3) Two new system tables in 'mysql':

  +----------------------------+
  | mysql.column_stats         |
  +----------------------------+
  | PK column_id     (INT)     |
  |    database_name (VARCHAR) |
  |    table_name    (VARCHAR) |
  |    column_name   (VARCHAR) |
  +----------------------------+

  +---------------------------------+
  | mysql.histograms                |
  +---------------------------------+
  | PK column_id        (INT)       |
  | PK bucket_number    (INT)       |
  |    histogram_type   (ENUM)      |
  |    bucket_high      (VARBINARY) |
  |    bucket_low       (VARBINARY) |
  |    bucket_frequency (DOUBLE)    |
  |    num_distinct     (INT)       |
  +---------------------------------+

  -- ADVANTAGES --
  - Less FK constraints/complexity than proposal number one.

  -- DISADVANTAGES --
  - VARBINARY has a limited length of 255.
  - Does not facilitate for table statistics in the future.
  - Using auto increment IDs imposes an upper limit a few places.
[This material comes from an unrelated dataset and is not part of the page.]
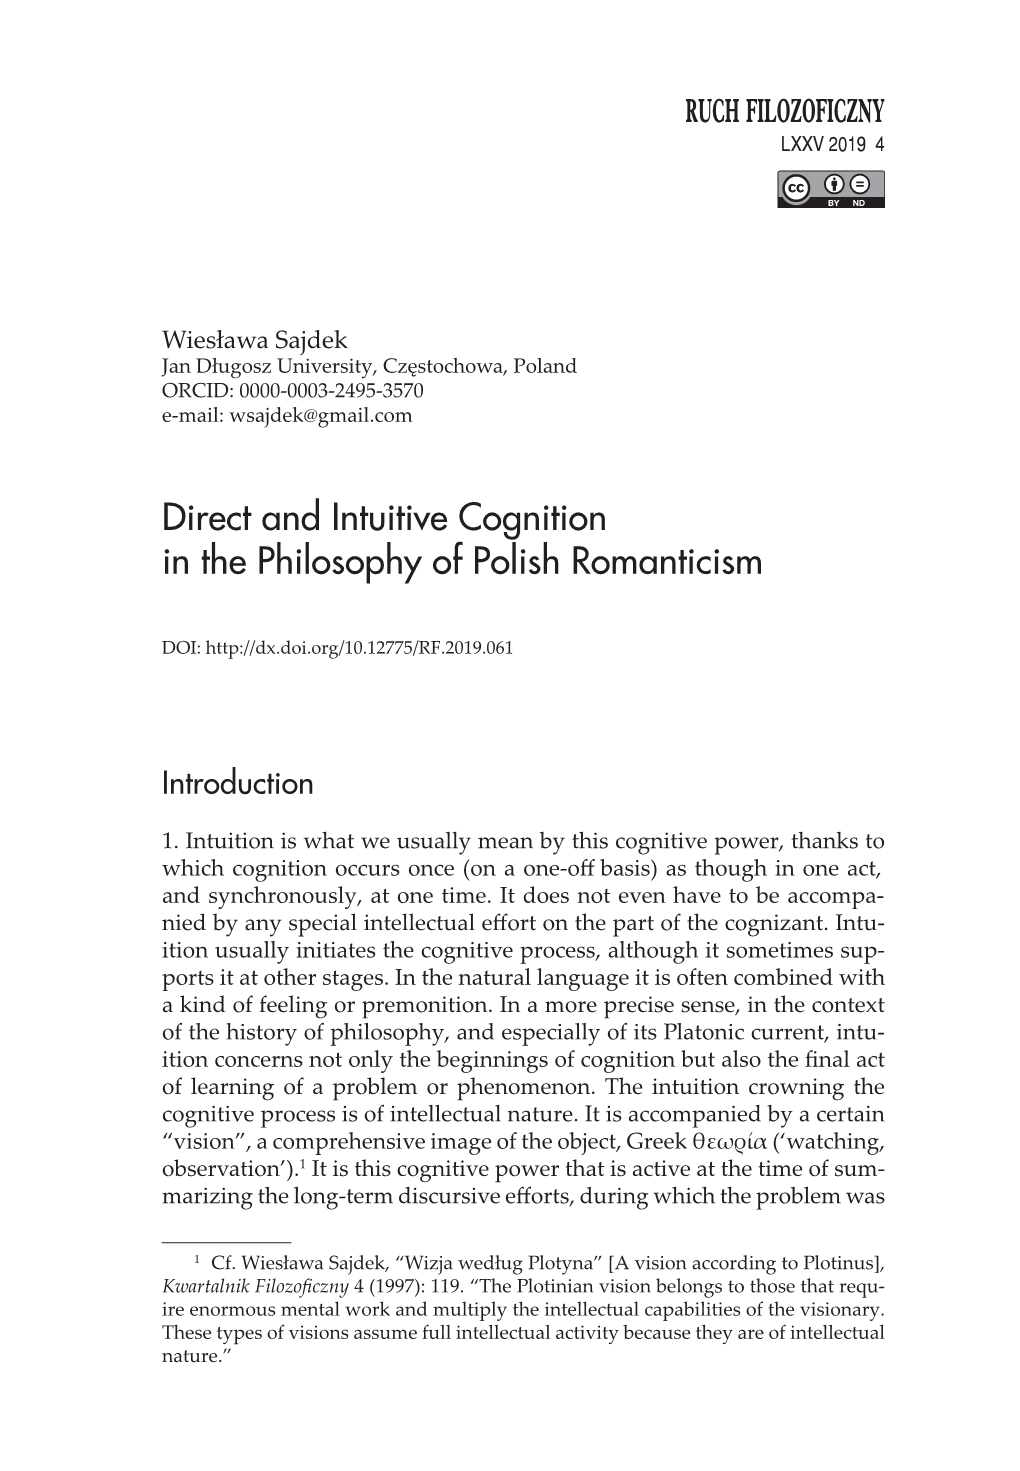 Direct and Intuitive Cognition in the Philosophy of Polish Romanticism

4) One new system table in 'mysql':

  +----------------------------+
  | mysql.column_stats         |
  +----------------------------+
  | PK database_name (VARCHAR) |
  | PK table_name    (VARCHAR) |
  | PK column_name   (VARCHAR) |
  |    histogram     (JSON)    |
  +----------------------------+

  -- ADVANTAGES --
  - Flexible to store both different data types, new histogram types and such
    in the future.
  - No limit with auto increment column as mentioned above.
  - Simple, but flexible design.

  -- DISADVANTAGES --
  - Repeating database name and table name is redundant.
  - Does not facilitate for table statistics in the future.



THE CHOSEN APPROACH
===================
We have chosen to go for suggestion number four, due to both the simplicity and
the flexibility it gives.



JSON HISTOGRAM EXAMPLES
=======================
The following section will give some examples on how much storage space the
chosen storage solution will use in different scenarios.

# 100 buckets with DATETIME values
  - 4781 bytes
  - A sample from the histogram:
  {
    "last-updated": "2015-06-08 12:09:00.000000",
    "histogram-type": "equi-height",
    "buckets":
    [
      [
        "2015-10-21 13:13:04.000000",
        "2015-11-01 23:36:02.000000",
        0.010009765625,
        984
      ],
      [
        "2015-11-01 23:37:20.000000",
        "2015-11-13 09:19:31.000000",
        0.02001953125,
        984
      ],
      ...
      [
        "2018-11-30 07:13:54.000000",
        "2018-12-11 18:43:43.000000",
        0.9909769694010417,
        984
      ],
      [
        "2018-12-11 19:04:44.000000",
        "2018-12-21 23:12:28.000000",
        1,
        886
      ]
    ]
  }

# 512 buckets with DOUBLE values
  - 21793 bytes
  - A sample from the histogram:
  {
    "last-updated": "2015-06-08 12:09:00.000000",
    "histogram-type": "equi-height",
    "buckets":
    [
      [
        4.296909448967231e303,
        3.0266566256216324e305,
        0.001983642578125,
        65
      ],
      [
        3.0912283005204318e305,
        6.8428144850887495e305,
        0.00396728515625,
        65
      ],
      ...
      [
        1.794196092769798e308,
        1.7975437041712213e308,
        0.999786376953125,
        65
      ],
      [
        1.7975458137001152e308,
        1.797660823206325e308,
        1,
        7
      ]
    ]
  }

# 512 buckets with STRING values. The histogram only considers the 42 first
# characters, and the average string length in the table is 22 characters.
  - 36059 bytes
  - A sample from the histogram:
  {
    "last-updated": "2015-06-08 12:09:00.000000",
    "histogram-type": "equi-height",
    "buckets":
    [
      [
        "0",
        "002a38227ecc7f0d952e85ffe37832d3f58910da",
        0.001978728666831561,
        10
      ],
      [
        "002de4494914a3a210d68f47b826df8d06a",
        "00b1dbd0070ba5ed",
        0.003957457333663122,
        32
      ],
      ...
      [
        "ff1f6d",
        "ff908e8fd6f",
        0.9988251298540731,
        32
      ],
      [
        "ff9725bad9bcb7d209a52c",
        "ffe82024b2e4870ef290b2cc7aae01695",
        1,
        19
      ]
    ]
  }


Since the table is created in the "mysql" database, it will only be visible
to the root user. Doing updates directly to the table by executing SQL
statements will be possible, but not recommended.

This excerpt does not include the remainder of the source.